A hypothetical Michael Bloomberg’s chances of getting into Johns Hopkins in 2013.
Image: Cappex.com

Those odds are considerably worse than they would have been in 1960. It’s conventional wisdom that this is due to a US demographic bubble of young people that reached its maximum in 2009, flooding universities with applications. That bubble was the “baby boomlet,” or the children of the post-WWII baby boomers; you may also know them as Millennials.

But according to a 2009 paper by Caroline Hoxby, director of the Economics of Education Program for the National Bureau of Economic Research, America’s elite universities expanded their class sizes enough to accommodate the demographic boomlet.

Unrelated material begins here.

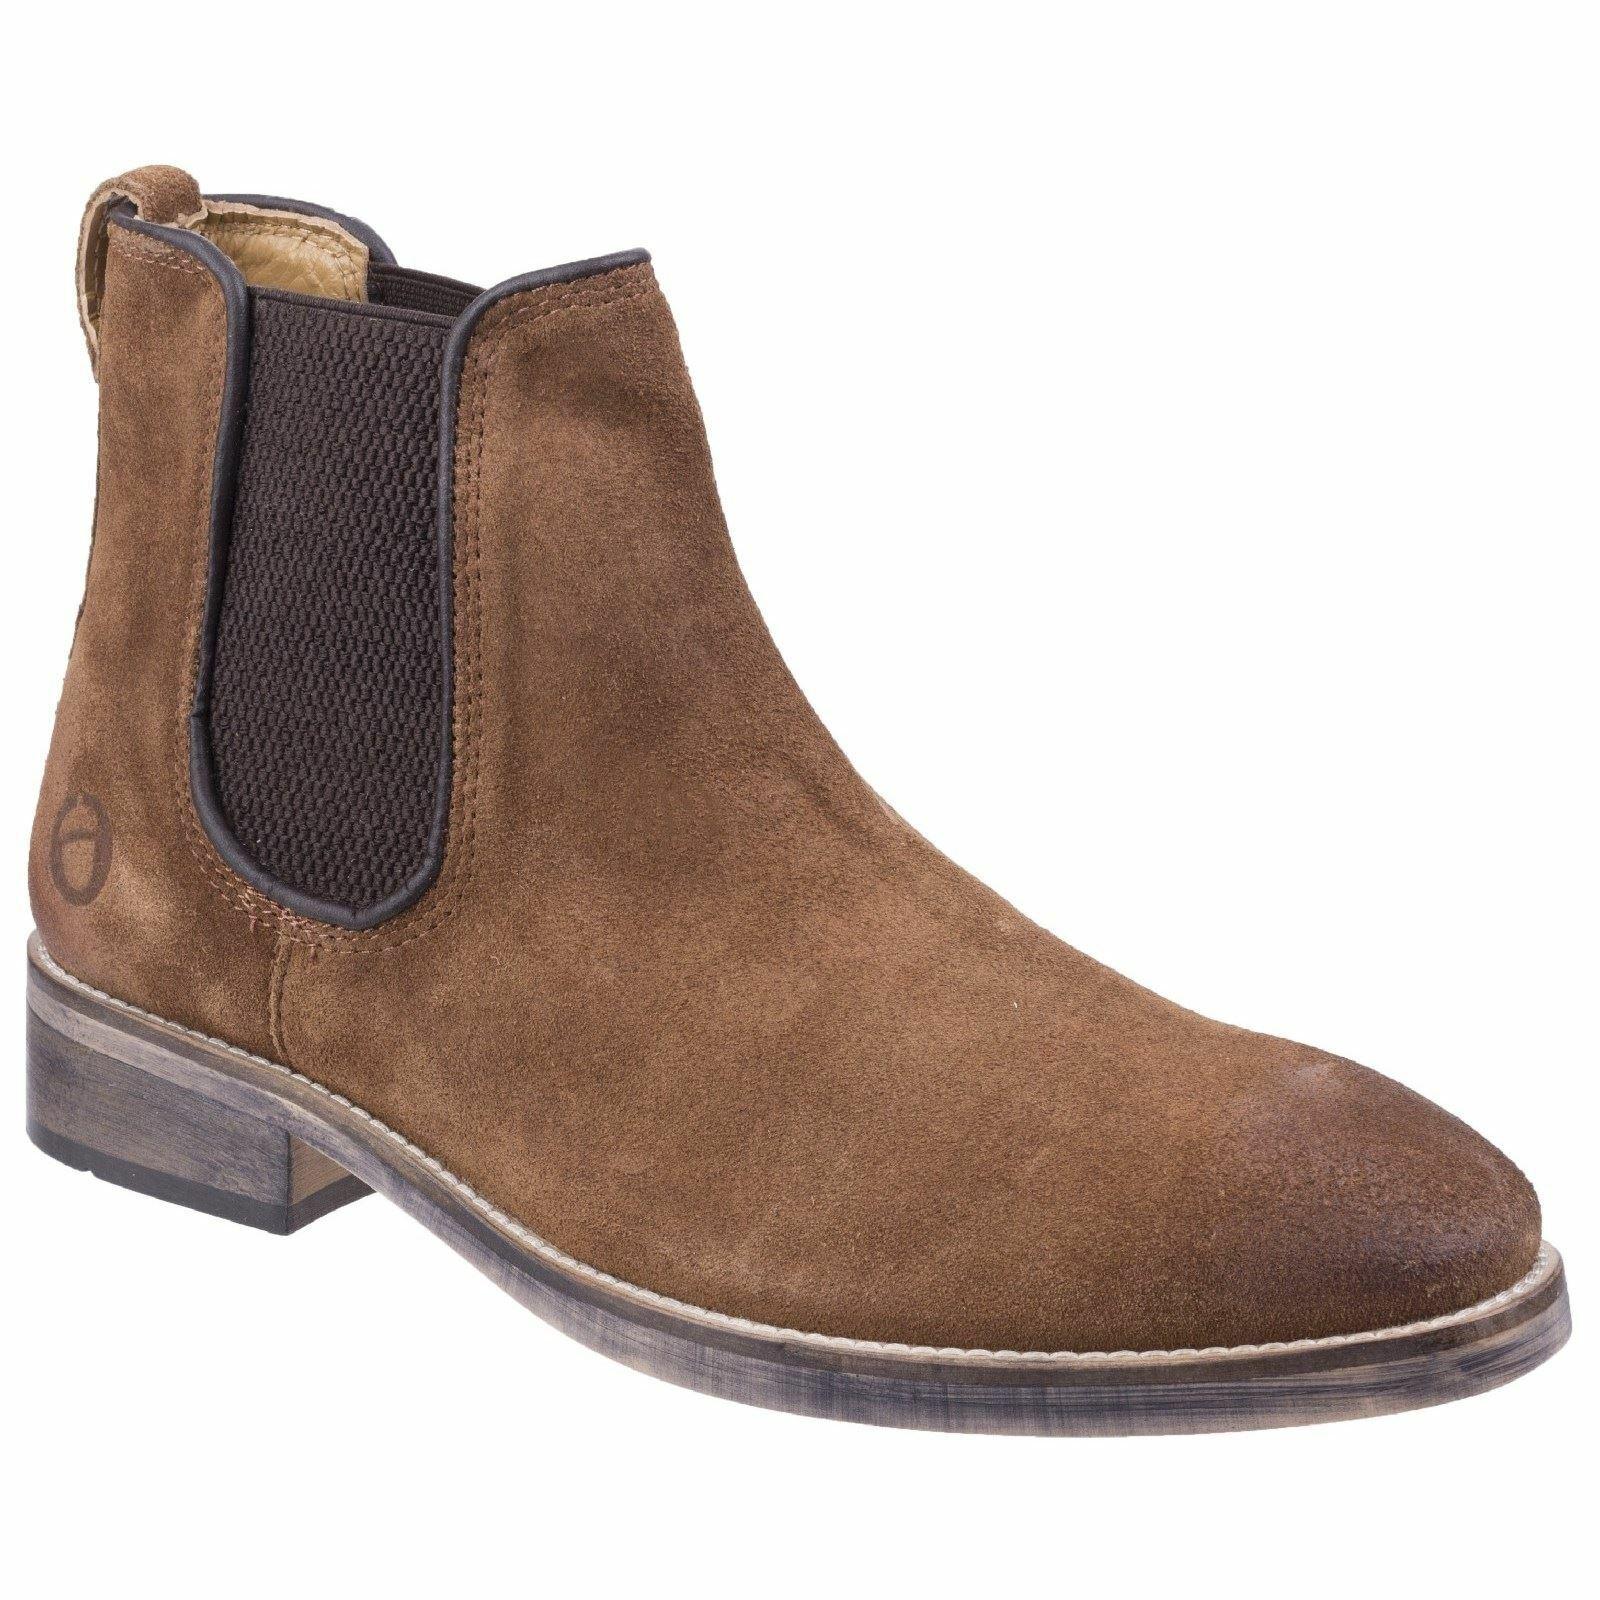 botas de cuero para hombre Cotswold Corsham Camel

They are over-subscribed, she says, solely because of growing demand from a broader pool of foreign and domestic (but geographically far-flung) students, who naturally all want to get into the best schools. The number of students from abroad who are now studying at US universities was at a record high of 764,495 in the 2011/12 academic year, up 31% from a decade ago, driven primarily by an influx from China.

Measuring the wrong thing

A spokesperson for Hopkins told me that “it’s impossible to know” if Bloomberg would get into the university today, and added that “Johns Hopkins and other highly selective universities look for indications of potential, indications that an applicant has the ability and character to make a real difference in the world.”

The trouble is, admissions officers do not in fact have a direct incentive to look for the kinds of students the Hopkins spokesperson says they do. All colleges want to be ranked as highly as possible. Rankings are calculated using a methodology that relies on factors such as the test scores of the students it admits, its retention rate, its graduation rate, its academic reputation, how much money it has… but not the quality of the graduates it produces. In short, the rankings evaluate the past performance of a college’s students, but not their future. As Microsoft founder (and Harvard drop-out) Bill Gates noted in a recent article (paywall):

Currently, college rankings are focused on inputs—the scores and quality of students entering college—and on judgments and prejudices about a school’s “reputation.” Students would be better served by measures of which colleges were best preparing their graduates for the job market. They then could know where they would get the most for their tuition money.

So while America’s elite colleges might be looking to produce alumni like Michael Bloomberg, they aren’t necessarily measuring the factors that would allow them to determine if they’re succeeding—never mind the fact that they probably aren’t letting those future Bloombergs in, in the first place.